Some may say "whats the big deal"?? The big deal is that we are talking sewage waste, everything industrial, commercial and residential, everything from paint to antibiotics to toxic chemical cleaning products end up in sewers and they can not eliminate all of the above before they spread it on your vegetables. It's really sick and it makes no sense at all. Didn't the governement realize that throwing sewage into the waters wasn't doing our eco system any good? Now what happens when a potato farmer Joe uses "sludge" and it ends right back in our rivers and lakes when it rains? AAAAAAAAARRRRRRRRRRRRRRRRGGGGGGGHHHHHHHHH!!! k, im getting upset now, time to go to my cave.

Buy local and organic!
 
Buy local and organic![/QUOTE]

I'm finding more and more people here are doing just that... they have many concerns about the unknown quality of food stuffs from unknown and unmonitored areas of the planet. I see them reading the labels, not just for nutritional info but for sources and web addresses so they can investigate further.

V
 
And now... let's play "TURN THE TABLES!"

V


China claims U.S. meat imports tainted By ANITA CHANG, Associated Press

BEIJING - China has suspended imports from several major U.S. meat processors, the latest indication the government may be retaliating as its products are turned back from overseas because of safety concerns.

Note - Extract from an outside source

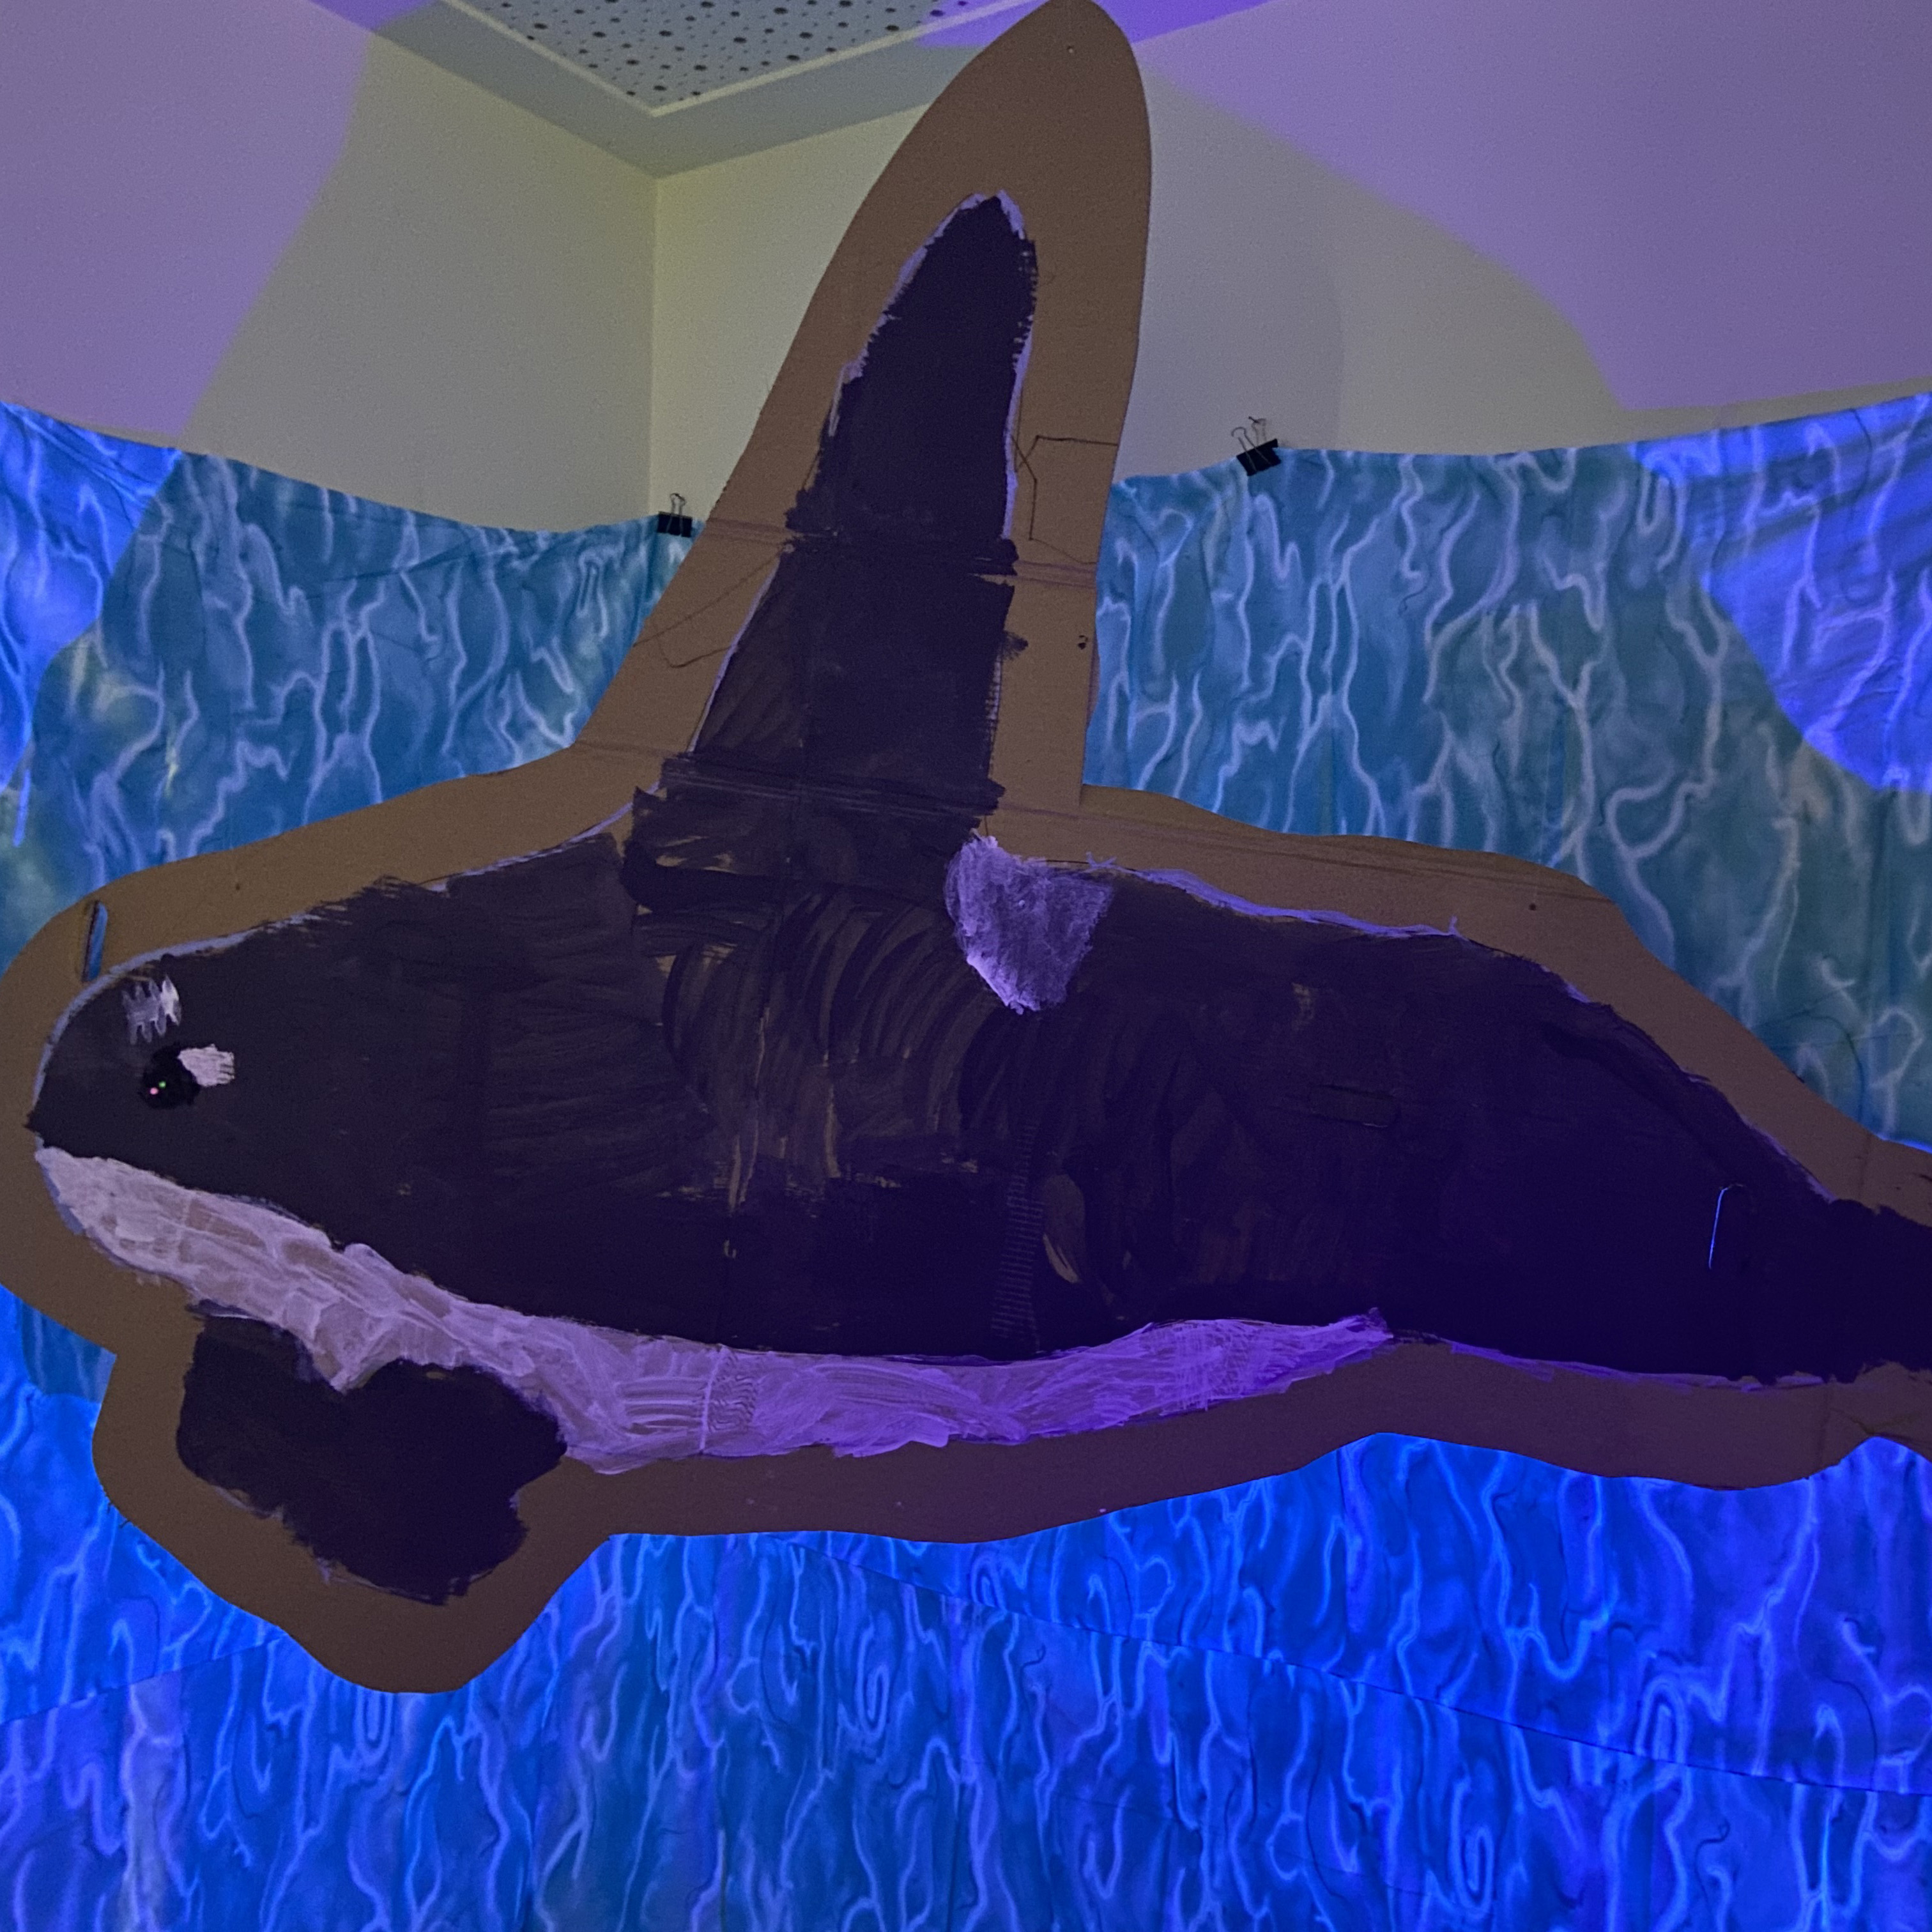 Ein riesiger Orca schmückt die Wand. Foto: Kerstin Kempermann

Frozen poultry products from Tyson Foods Inc., the world's largest meat processor, were found to be contaminated with salmonella, the General Administration of Quality Supervision, Inspection and Quarantine said on its Web site Friday.

The agency said other imports barred by China included frozen chicken feet from Sanderson Farms, Inc. found to tainted with residue of an anti-parasite drug, as well as frozen pork ribs from Cargill Meat Solutions Corp. containing a leanness-enhancing feed additive.

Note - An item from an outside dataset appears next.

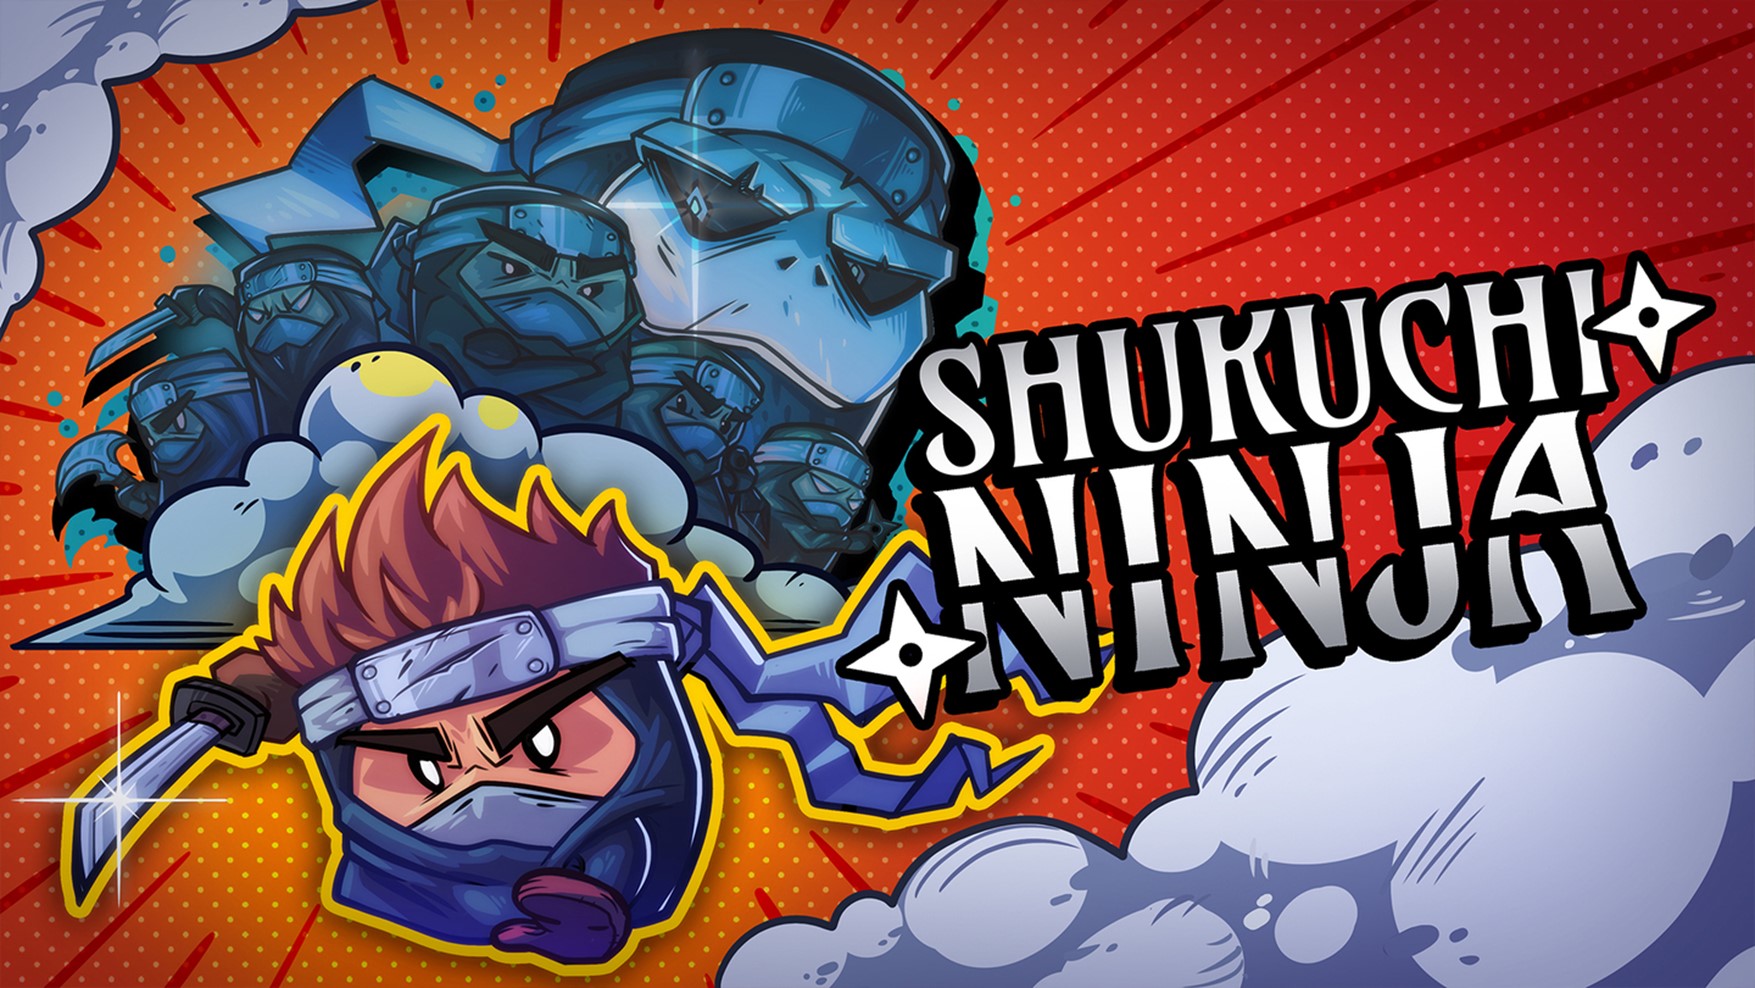 Shukuchi ninja titled key art

A spokesman for Cargill denied the agency's claims, while officials at Tyson and Sanderson Farms were not immediately available to comment.

China's food and drug-safety record has come under scrutiny in recent months following the deaths of cats and dogs in the United States and Canada blamed on tainted Chinese pet food ingredients. Worries at home and around the world have heightened as a growing number of Chinese products are found tainted with dangerous levels of toxins and chemicals.

Beijing has taken significant steps in recent days to clean up its product safety record, including executing the former head of its drug regulation agency for taking bribes, and banning the use of a chemical found in antifreeze in the production of toothpaste.

Officials also have vowed to better integrate its fractured regulatory system, which currently splits responsibility among at least six agencies. The blurred lines often enable the country's countless illegal operations to escape detection.

As China works to improve its food safety conditions, authorities also have prominently announced rejections of imports, apparently to turn the tables on critics and show it is not the only country with food export safety problems.

It was not clear whether the latest import bans covered only the products in question or if they extended to all of the companies' imports. A duty officer at the AQSIQ on Saturday said he did not know any details.

Mark Klein, a spokesman for Minneapolis-based Cargill Inc., disputed the Chinese inspectors' findings and said the company hoped to resolve the issue by working with U.S. and Chinese officials.

"We're proud of our products and our processes, and we'll be delighted to talk about them with all concerned," he said.

Cargill is the parent company of Wichita, Kansas-based Cargill Meat Solutions Corp., the second-largest beef processor in the U.S.

Messages seeking comment were left with two spokesmen for Springdale, Ark.-based Tyson. A voicemail seeking comment was left at Laurel, Miss.-based Sanderson Farms Inc.

Beijing has previously rejected shipments of substandard orange pulp, dried apricots, raisins and health supplements from the U.S.